Bug 382967 - Successor of 377971: Gtk2 support needed in gnome-mplayer >=1.04 because mplayer2 not supported in <1.0.4
Summary: Successor of 377971: Gtk2 support needed in gnome-mplayer >=1.04 because mpla...
Status: RESOLVED DUPLICATE of bug 374057
Alias: None
Product: Gentoo Linux
Classification: Unclassified
Component: Current packages (show other bugs)
Hardware: All Linux
: Normal normal (vote)
Assignee: Gentoo Linux bug wranglers
URL:
Whiteboard:
Keywords:
Depends on:
Blocks:
 
Reported: 2011-09-14 15:26 UTC by Klaus Kusche
Modified: 2011-09-16 09:21 UTC (History)
0 users

See Also:
Package list:
Runtime testing required: ---


Attachments

Note You need to log in before you can comment on or make changes to this bug.
Description Klaus Kusche 2011-09-14 15:26:59 UTC
See 377971:
As mplayer2 support will not be enabled on gnome-mplayer 1.0.3,
please support gtk2 in gnome-mplayer 1.0.4
to have a gtk2 version of gnome-mplayer which supports mplayer2.

This combination is supported upstream, so it should be no problem.

This is on a non-gnome system (XFCE), 
and XFCE will not support gtk3 any time soon,
nor will any other piece of software used here.
Hence, gtk3 just for gnome-mplayer is no option.

Gnome-mplayer is plain gtk+ software (see their homepage!),
neither related to nor bound to Gnome or the Gnome project in any way,
so there is no reason to force it to gtk3
just because Gnome moved to gtk3:
gnome-mplayer is expected to work with any gtk+ environment: xfce, lxde, ...

If the Gentoo Gnome community refuses to support gnome-mplayer on gtk2,
please move it to a different maintainer.
Comment 1 Samuli Suominen (RETIRED) gentoo-dev 2011-09-14 15:30:56 UTC

*** This bug has been marked as a duplicate of bug 374057 ***
Comment 2 Samuli Suominen (RETIRED) gentoo-dev 2011-09-14 15:32:21 UTC
As it happens, gnome-mplayer is maintained by member of the Gentoo Xfce Team (that would be me) and I have no issues whatesoever in running 1.0.4 with gtk+-3.0 in Xfce 4.8
Comment 3 Klaus Kusche 2011-09-14 15:58:19 UTC
I have issues here, many of them, gnome-mplayer 1.0.4 is unuseable for me.
(I didn't try lately, but I tried when 1.0.4 was released some months ago):

* Gnome mplayer 1.0.4 did not obey my global font settings,
and I found no way to change that
Any text in gnome mplayer was unreadably tiny
(I have a 17" 1920*1200 notebook and hence very large system-wide custom 
font setting because of the high resolution - default fonts are way too small).

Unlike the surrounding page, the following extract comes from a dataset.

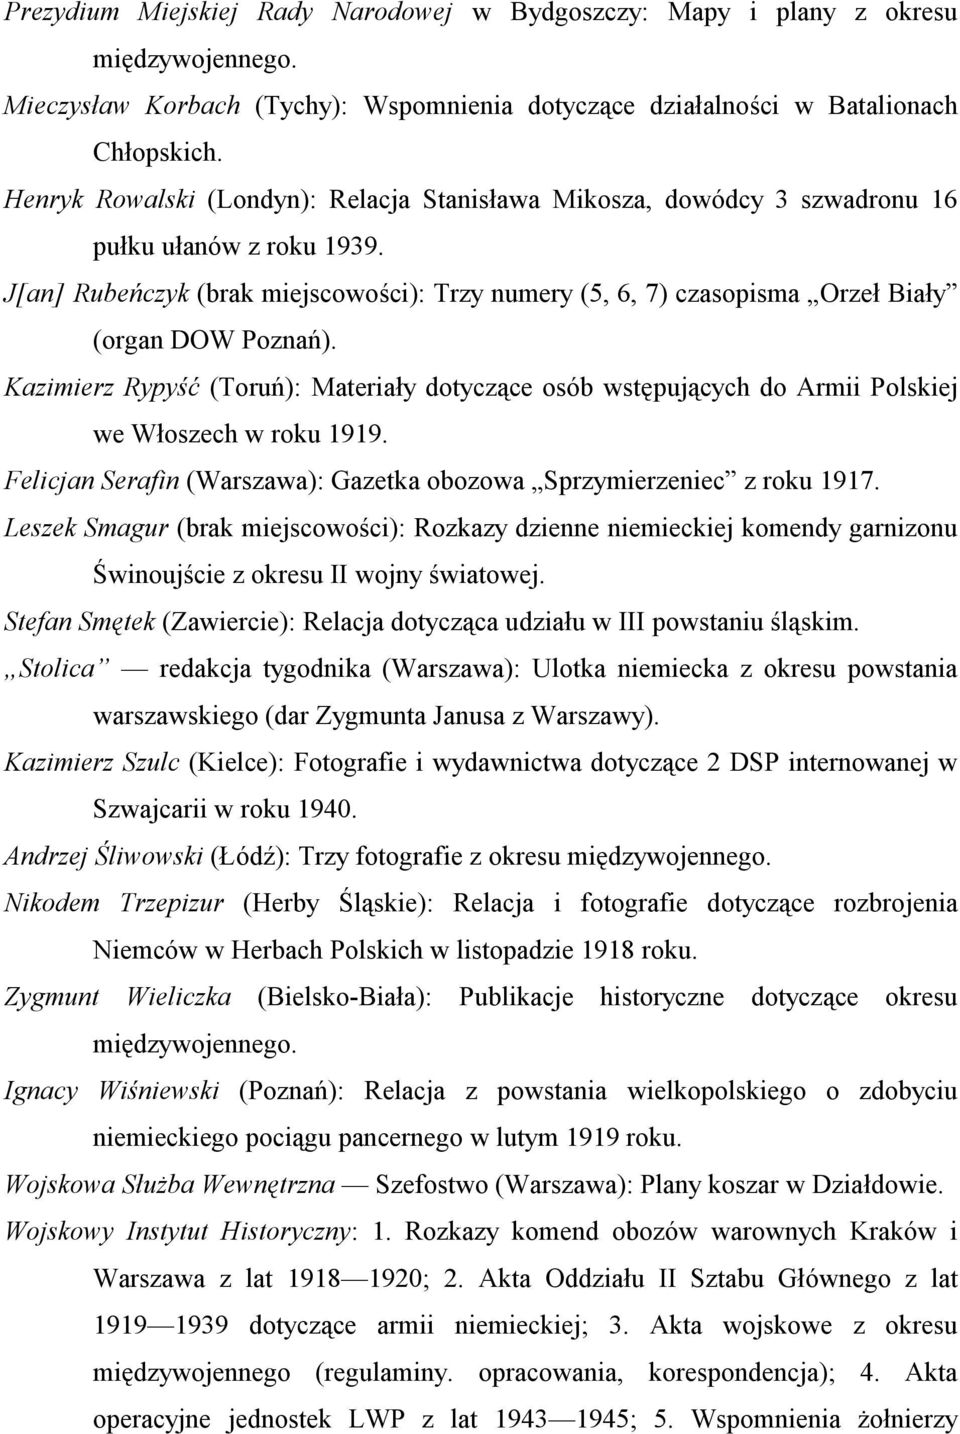 J[an] Rubeńczyk (brak miejscowości): Trzy numery (5, 6, 7) czasopisma Orzeł Biały (organ DOW Poznań).

* Gtk3 applications do not obey my theme settings and theme engine.
At least, gnome mplayer 1.0.4 didn't:
It came up with completely different colors,
using a completely different theme engine, ...
It looked completely alien and ugly.

* Gnome mplayer did not find some icons 
and partially used icons from the wrong ico theme
(I have a custom icon theme which perfectly supported all gtk2 applications
up to now).
Comment 4 Rafał Mużyło 2011-09-14 16:19:10 UTC
As your problems seem to be only related to theming the part of the answer might lie here: http://developer.gnome.org/gtk3/stable/ch25s02.html#gtk-migrating-GtkStyleContext - theming in gtk2 and gtk3 is separate, so a gtk3 app likely doesn't follow the theme, cause no theme is set up.
Comment 5 Klaus Kusche 2011-09-14 17:09:11 UTC
(In reply to comment #4)
> As your problems seem to be only related to theming the part of the answer
> might lie here:
> http://developer.gnome.org/gtk3/stable/ch25s02.html#gtk-migrating-GtkStyleContext
> - theming in gtk2 and gtk3 is separate, so a gtk3 app likely doesn't follow the
> theme, cause no theme is set up.

As far as I know, only item 2 in my comment #3 is related to the theme engine
and the theme settings. 

Icons themes, icon naming rules and XFCE's systemwide font settings are not
part of the theme mechanism I think, so your link does not apply?
(and I've no solution for them yet)

For the theme settings and theme engines, it is definitely true that
gtk3 apps do not obey my gtk2 theme settings and theme engine.
However, your link is relevant only for programmers who want to port
their applications to gtk3.

It does not tell me (as a plain user!) what to do to make gtk3 apps obey
my gtk2 theme settings *without* touching any code.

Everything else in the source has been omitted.